I've written about Tulsa's embrace of "non partisan" contests in earlier UTW columns. Basically we have a situation where the abolition of party labels in local election may give humongous competitive sway to people with famous names, candidates who've run in high visibility elections before, folks with lots of access to money and the famous: media celebrities, athletes, car salespeople with long playing television campaigns and others. So will Tulsa be better off as a consequence of this big change to our election machinery?
Some of the empirical evidence suggests that voter turnout, especially among low-information voters and people who simply don't participate very broadly in politics, will be lower as a consequence. This is never a good thing in a democratic society.
And the evidence from comparative studies done between partisan cities and nonpartisan places is consistent, at least in part, with this body of evidence. So the challenge in Tulsa will be to forestall this outcome. How should T-Town folks of good will help provide clues to voters who want to effectively navigate the agendas, qualifications and claims of local candidates "without labels?" This is higher ground work that will be more difficult than ever. The media will no doubt make an effort to provide some info, but the candidates themselves will also have to make an effort. However, exciting Tulsans via some crisp organizing strategies and some imaginative mobilizing efforts could make things a lot easier and maybe even create some fun in our local contests next year.
Next
So with some imagination and a bit of unconventional organizing, Tulsa might be able to get beyond the low turnout, exceedingly confusing contests and other big problems that so called "nonpartisan cities" have experienced. Tulsans can, and should, avoid having to deal with a galaxy of Orwellian ghost candidates promoting groups like Tulsans for a Better Tulsa (TBT), or Tulsa Citizens for a Better Tulsa (TCBT) -- I made these up -- to elect city councilors and our mayor next year. These groups, in other towns, usually have the backing of real estate and banking interests but have no real connection to regular voters, neighborhoods or people-oriented issue coalitions.
The work of political writer Sasha Issenberg and his new book The Victory Lab is also material here. Issenberg takes a fascinating look at controlled studies that established that neighborhood outreach on "steroids," use of voter commitment cards, deft use of social networks and other high-tech/high touch outreach can secure victory for nimble candidates and ground level political players.
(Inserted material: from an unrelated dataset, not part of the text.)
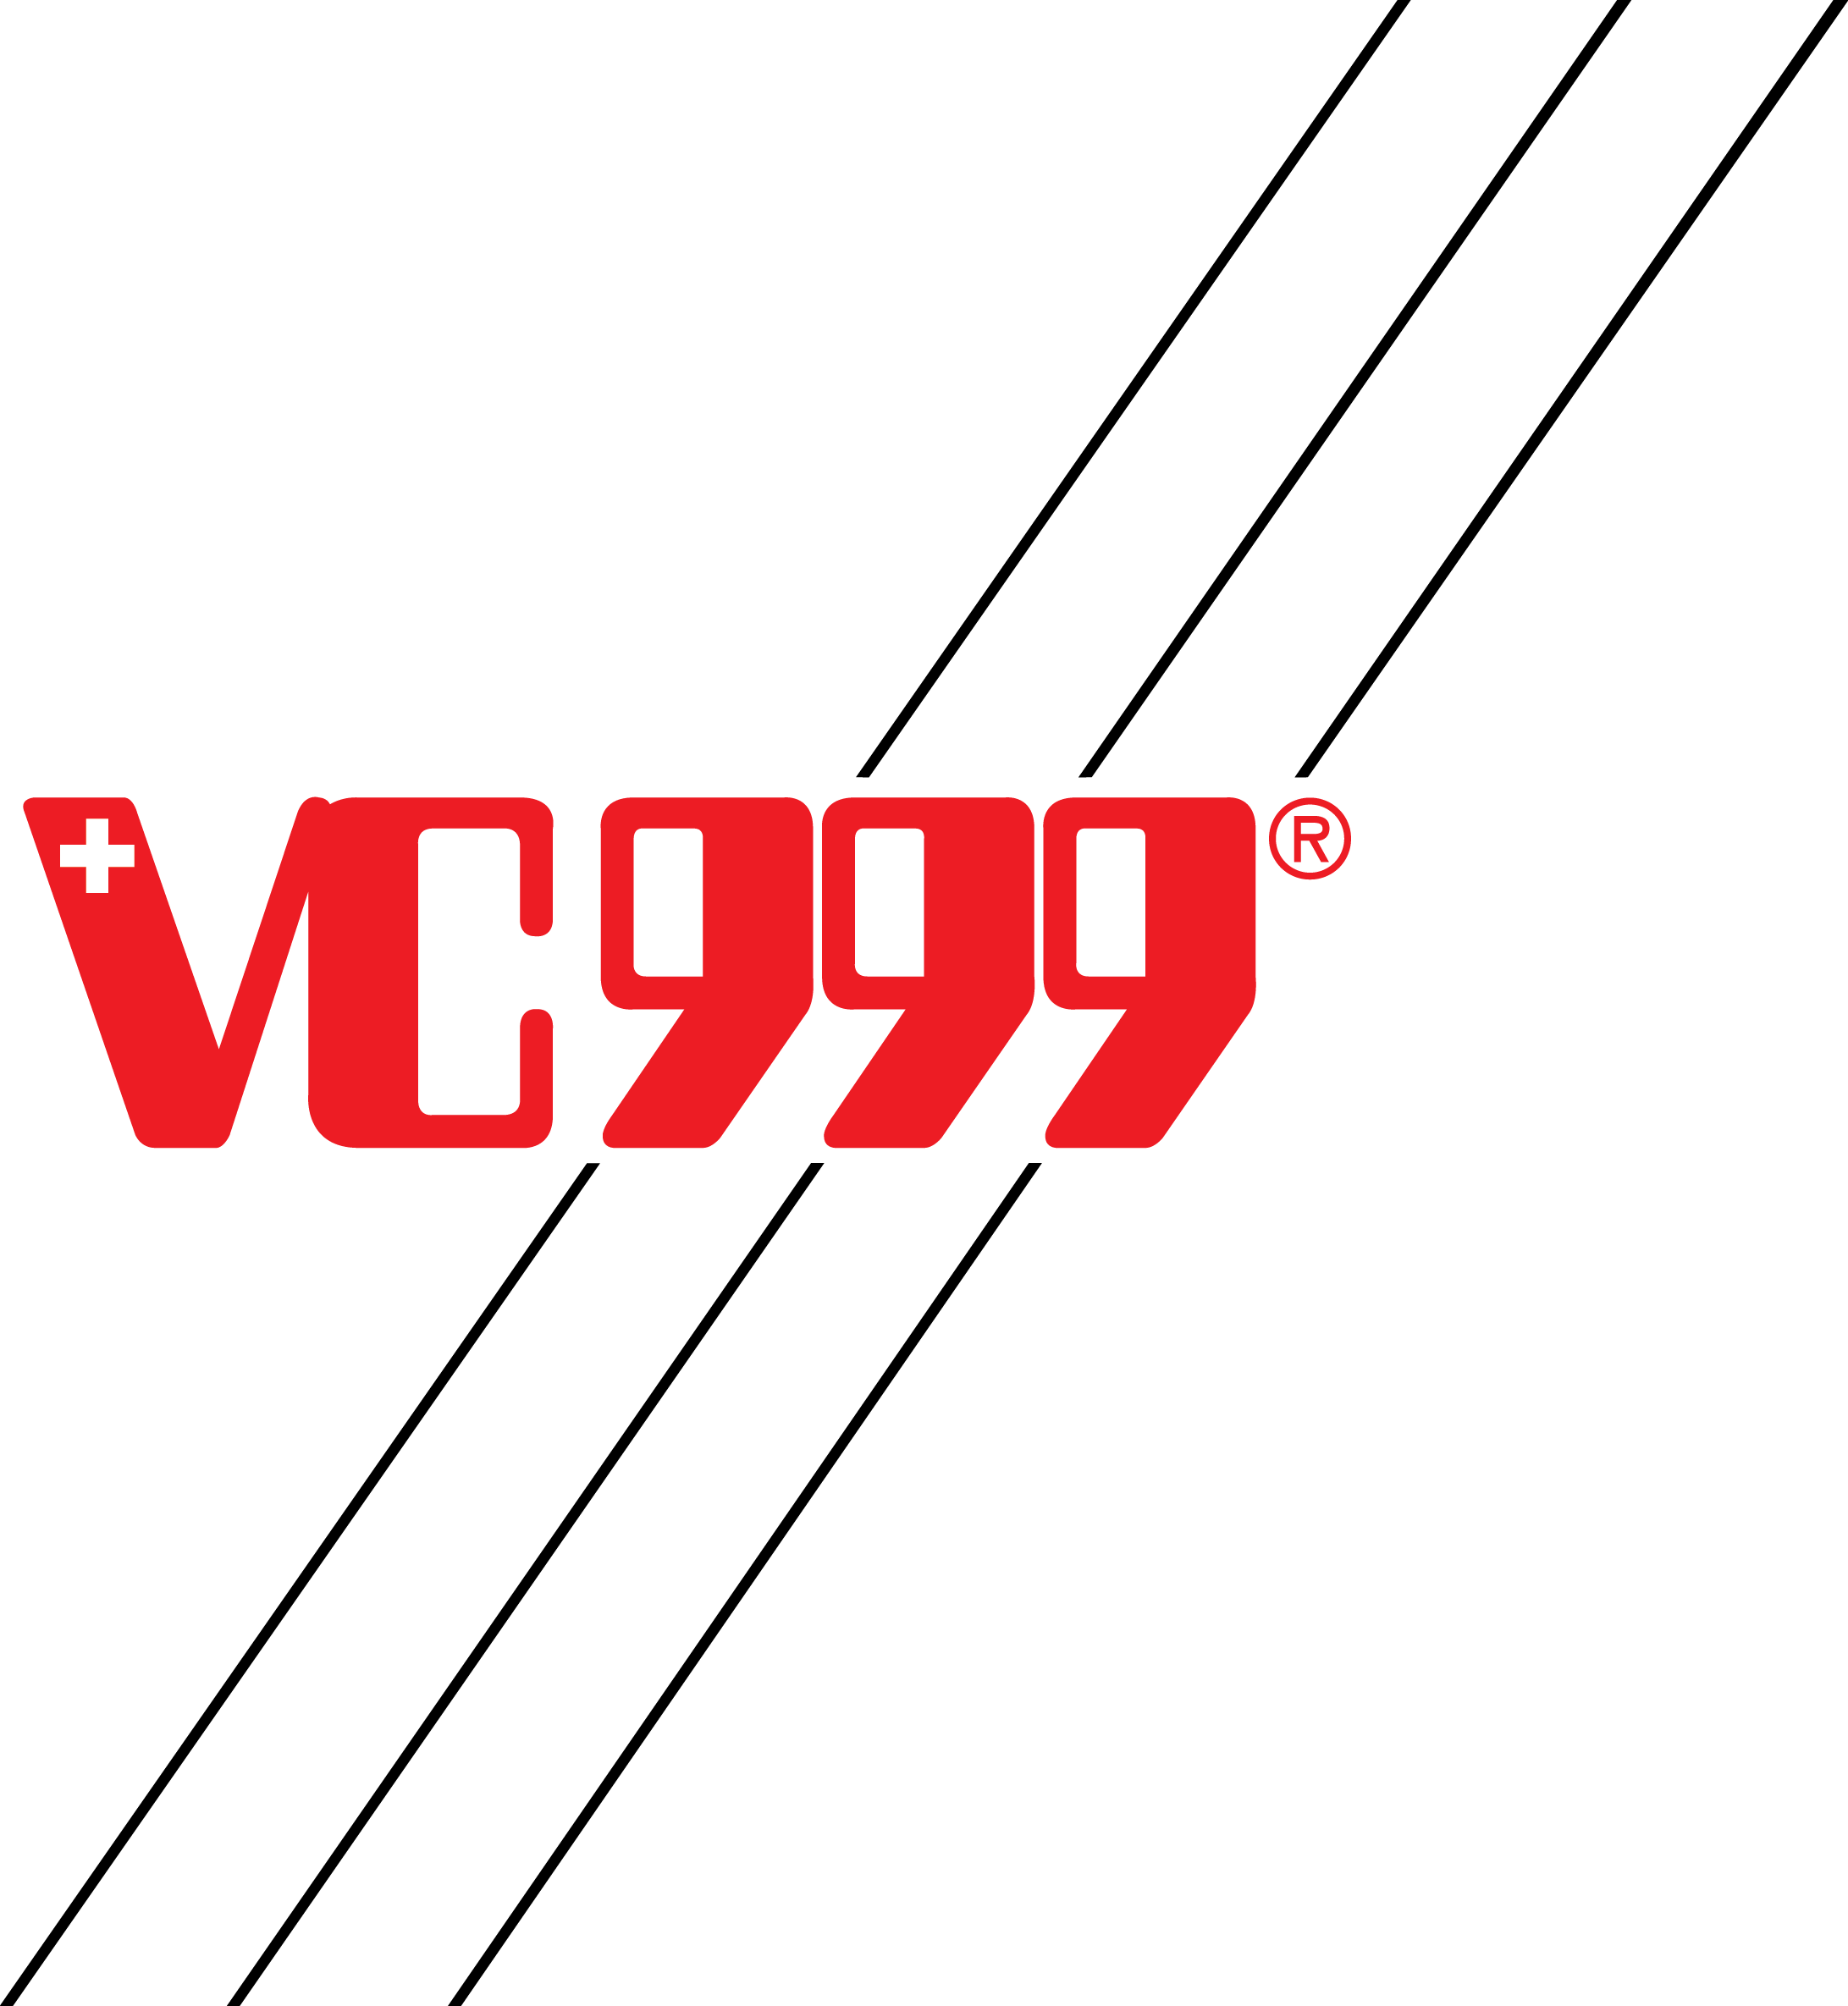 VC999

He also looks at the increasingly feeble power of conventional strategies like television, radio and print ads -- and how they simply don't work very effectively in our new Internet mediated/Facebooked world.
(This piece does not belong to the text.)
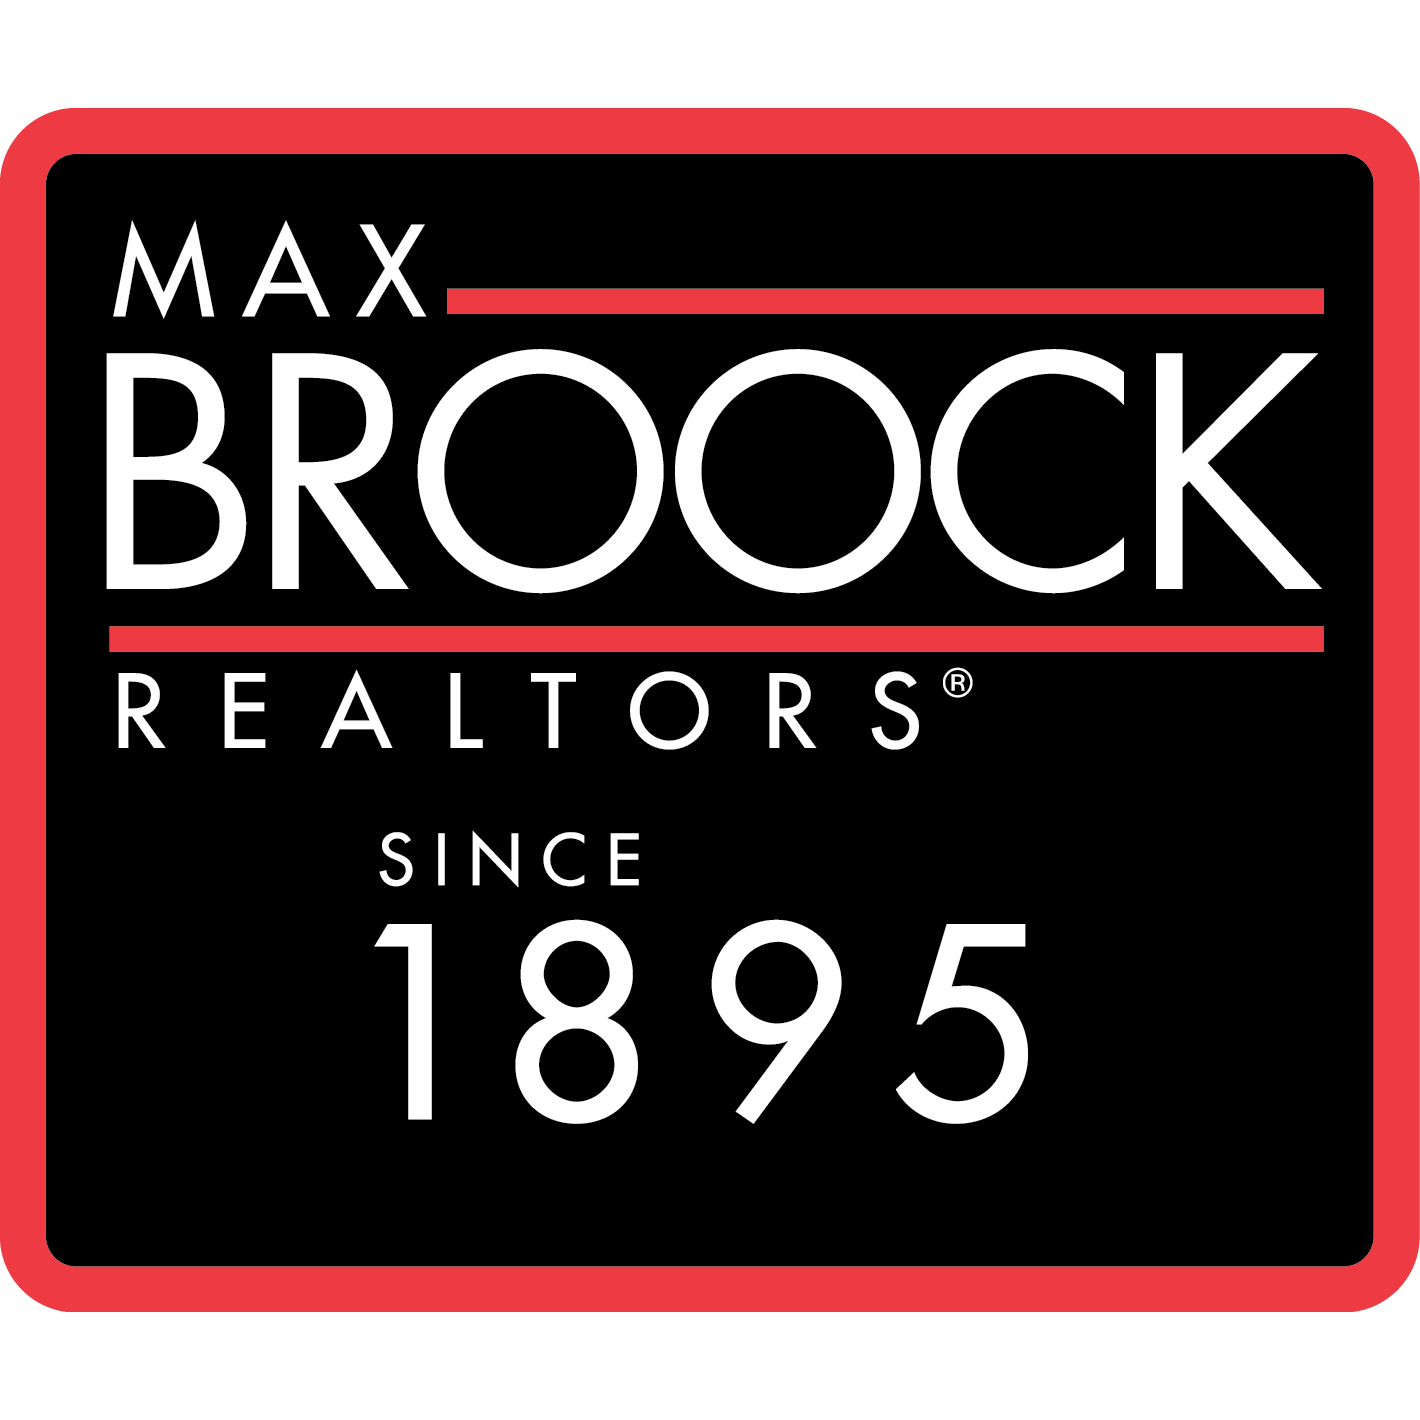 Max Broock REALTORS Detroit (313)324-8600

Tulsa's switch out to non partisan elections might not have been a really wise thing: But we should take Chicago Mayor Rahm Emanuel's advice and not let our new "crisis" go to waste. We should look to stuff like Issenberg's new work and other more agile ways of thinking about our local elections that go beyond the binary world of national politics and old-style coalitions -- and point to what could be a way more interesting, cooler political landscape.